## Work to complete
Below are records with pictures; copy word for word only the lines between the line with "完全遮光 UPF50+ 99.9%UVカット" and the line with "JUNIT WALNUT - Ball-shaped", inclusive, and drop the pictures.

## Data supplied

%%

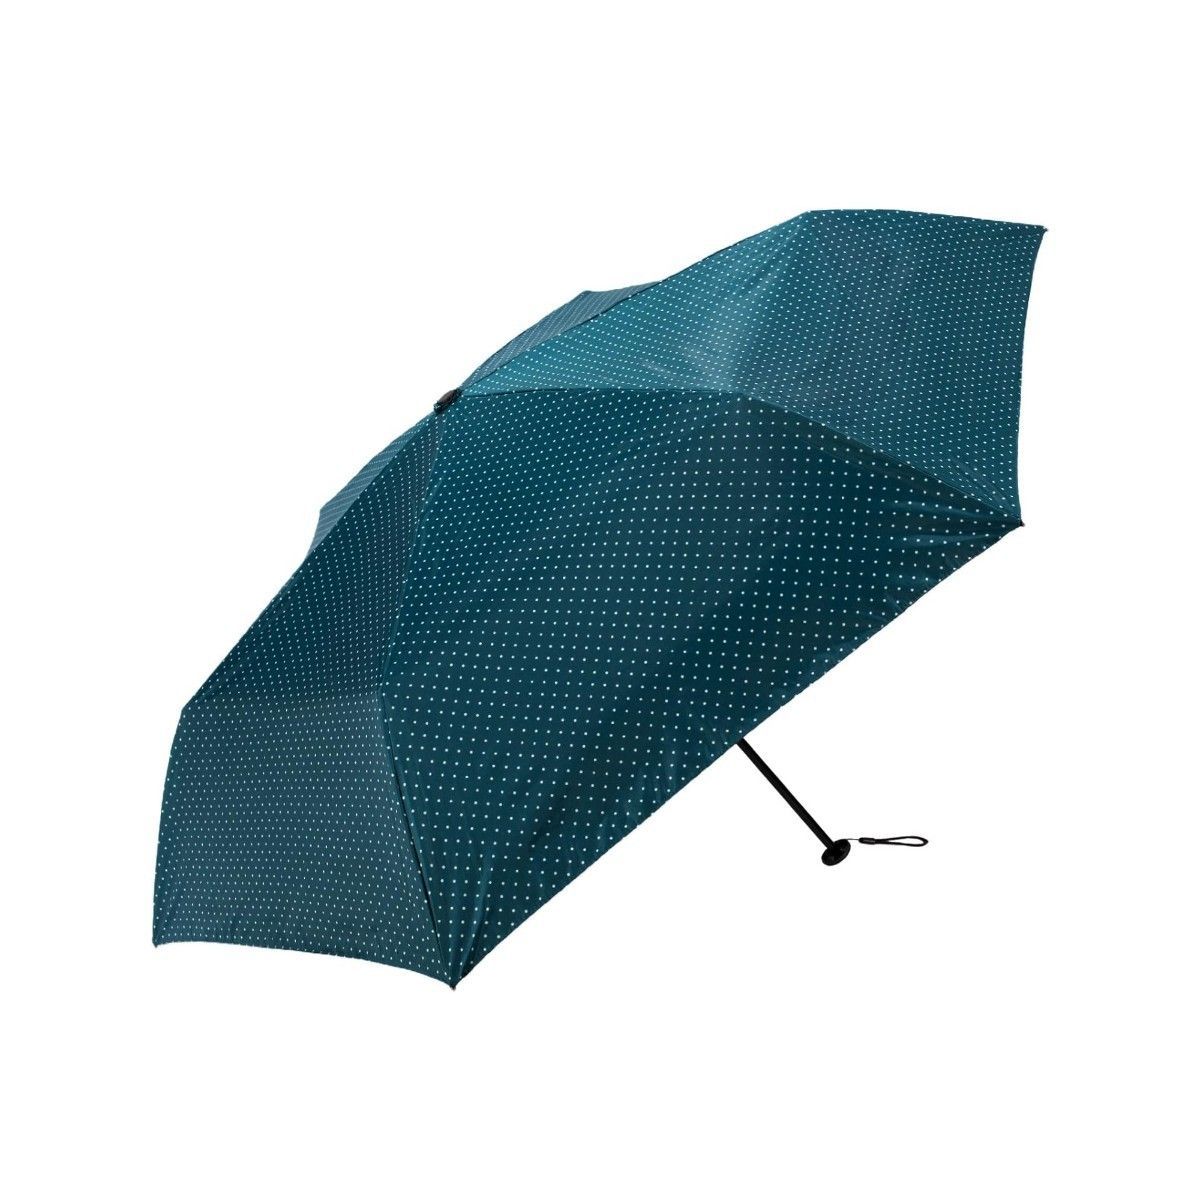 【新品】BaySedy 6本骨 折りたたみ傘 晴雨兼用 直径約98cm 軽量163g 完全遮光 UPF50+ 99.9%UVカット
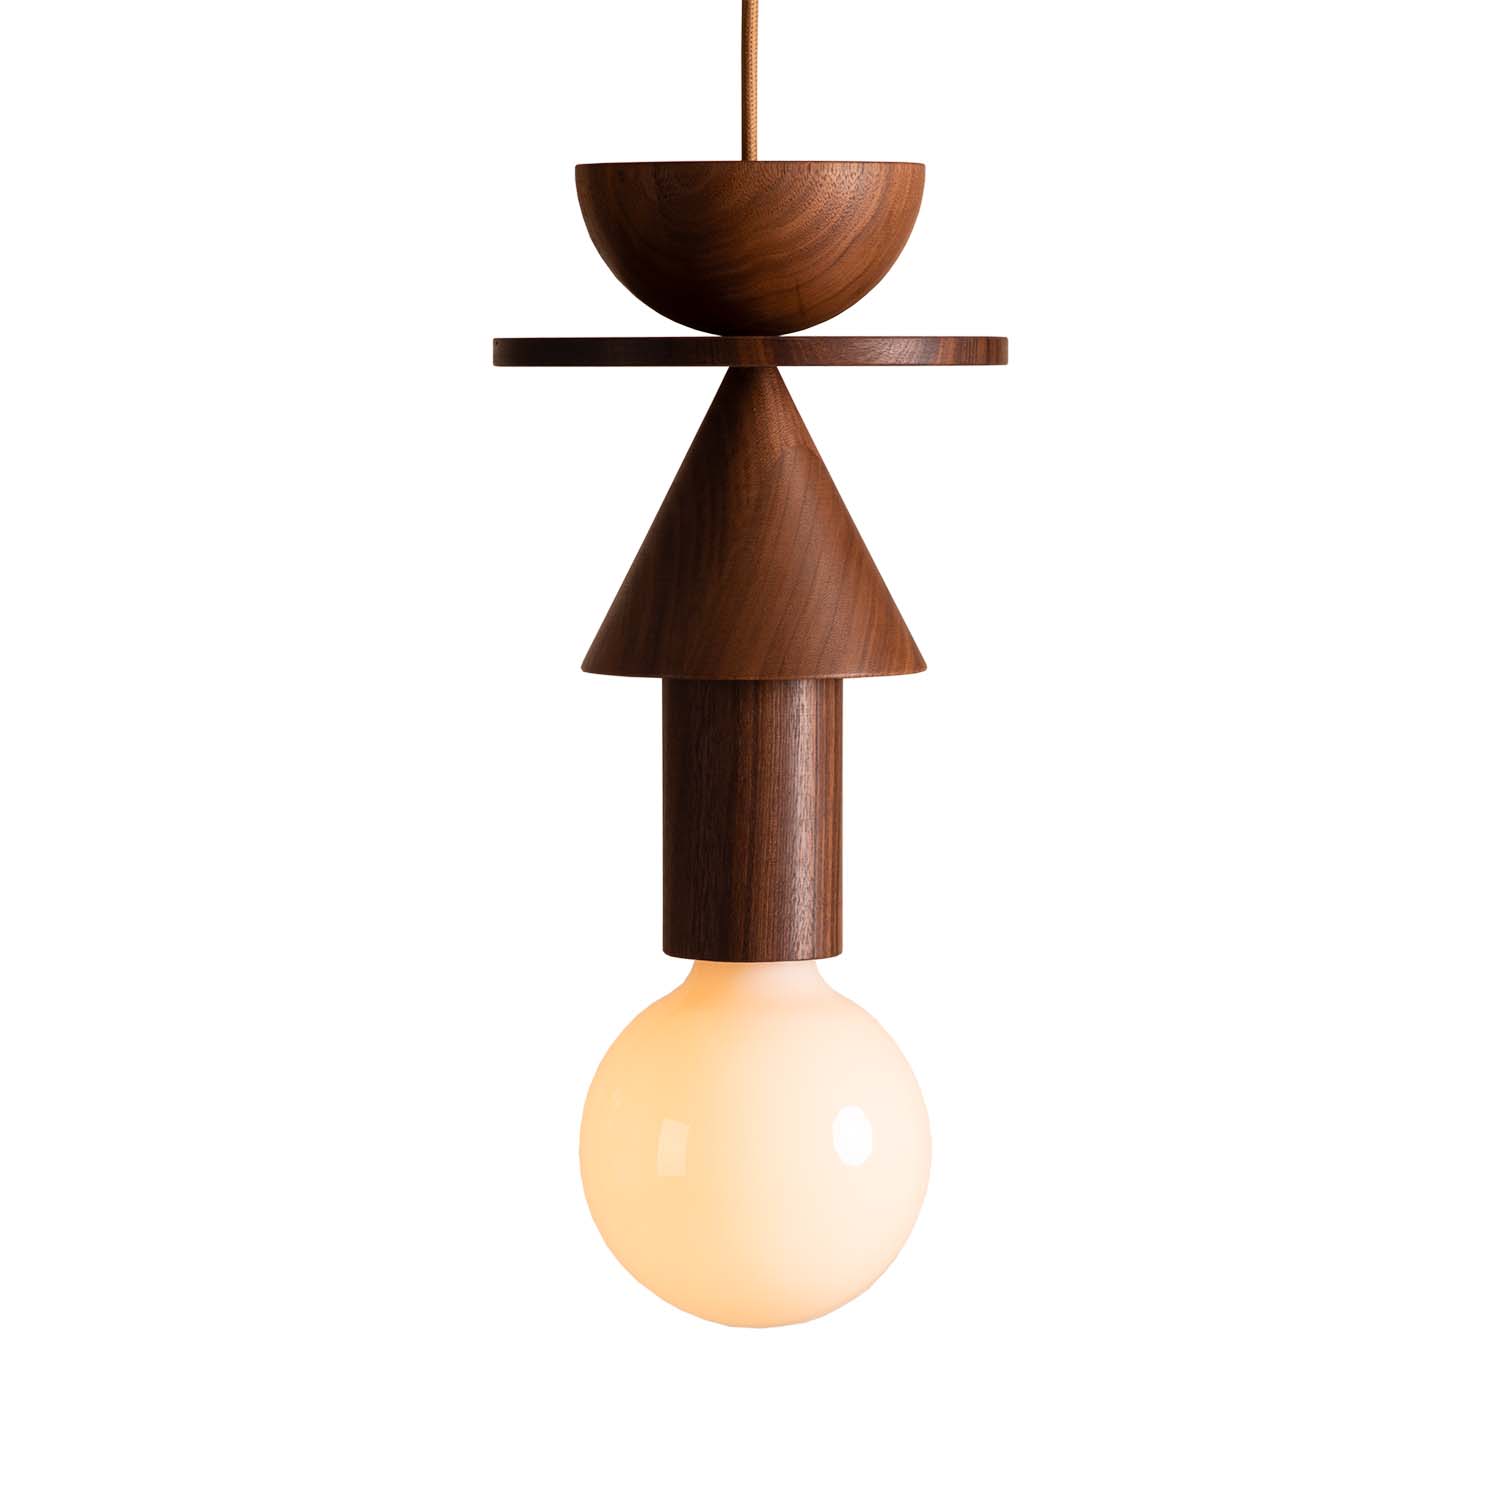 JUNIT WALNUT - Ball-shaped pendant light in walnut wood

%%
%%

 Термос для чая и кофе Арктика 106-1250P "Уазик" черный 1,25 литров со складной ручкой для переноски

%%
%%

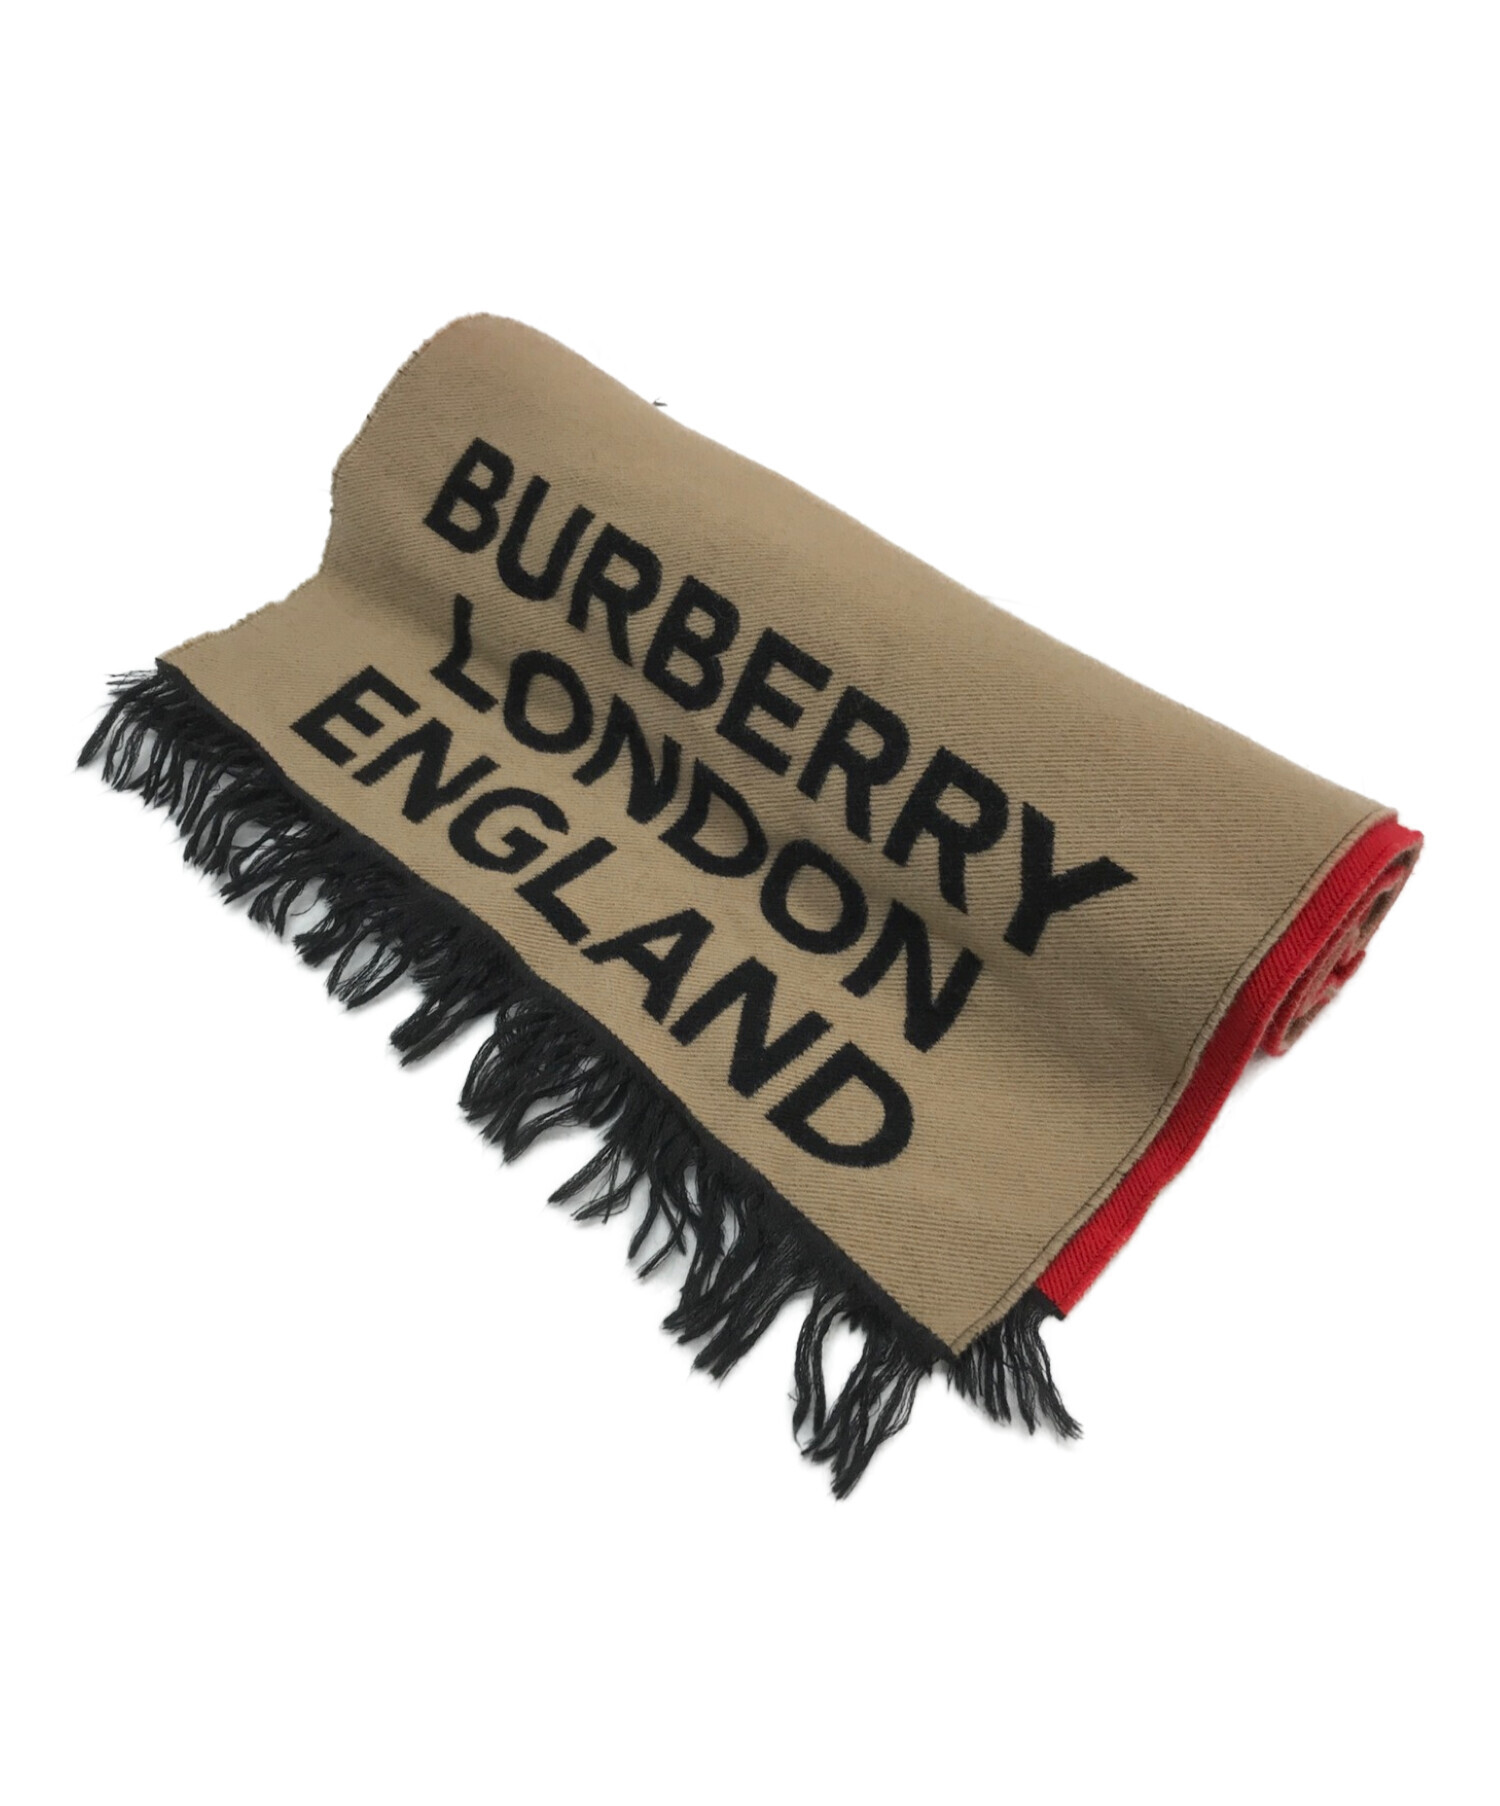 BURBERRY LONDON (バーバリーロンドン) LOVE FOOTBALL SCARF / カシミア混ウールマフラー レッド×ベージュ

%%

## Finished exercise
 【新品】BaySedy 6本骨 折りたたみ傘 晴雨兼用 直径約98cm 軽量163g 完全遮光 UPF50+ 99.9%UVカット
 JUNIT WALNUT - Ball-shaped pendant light in walnut wood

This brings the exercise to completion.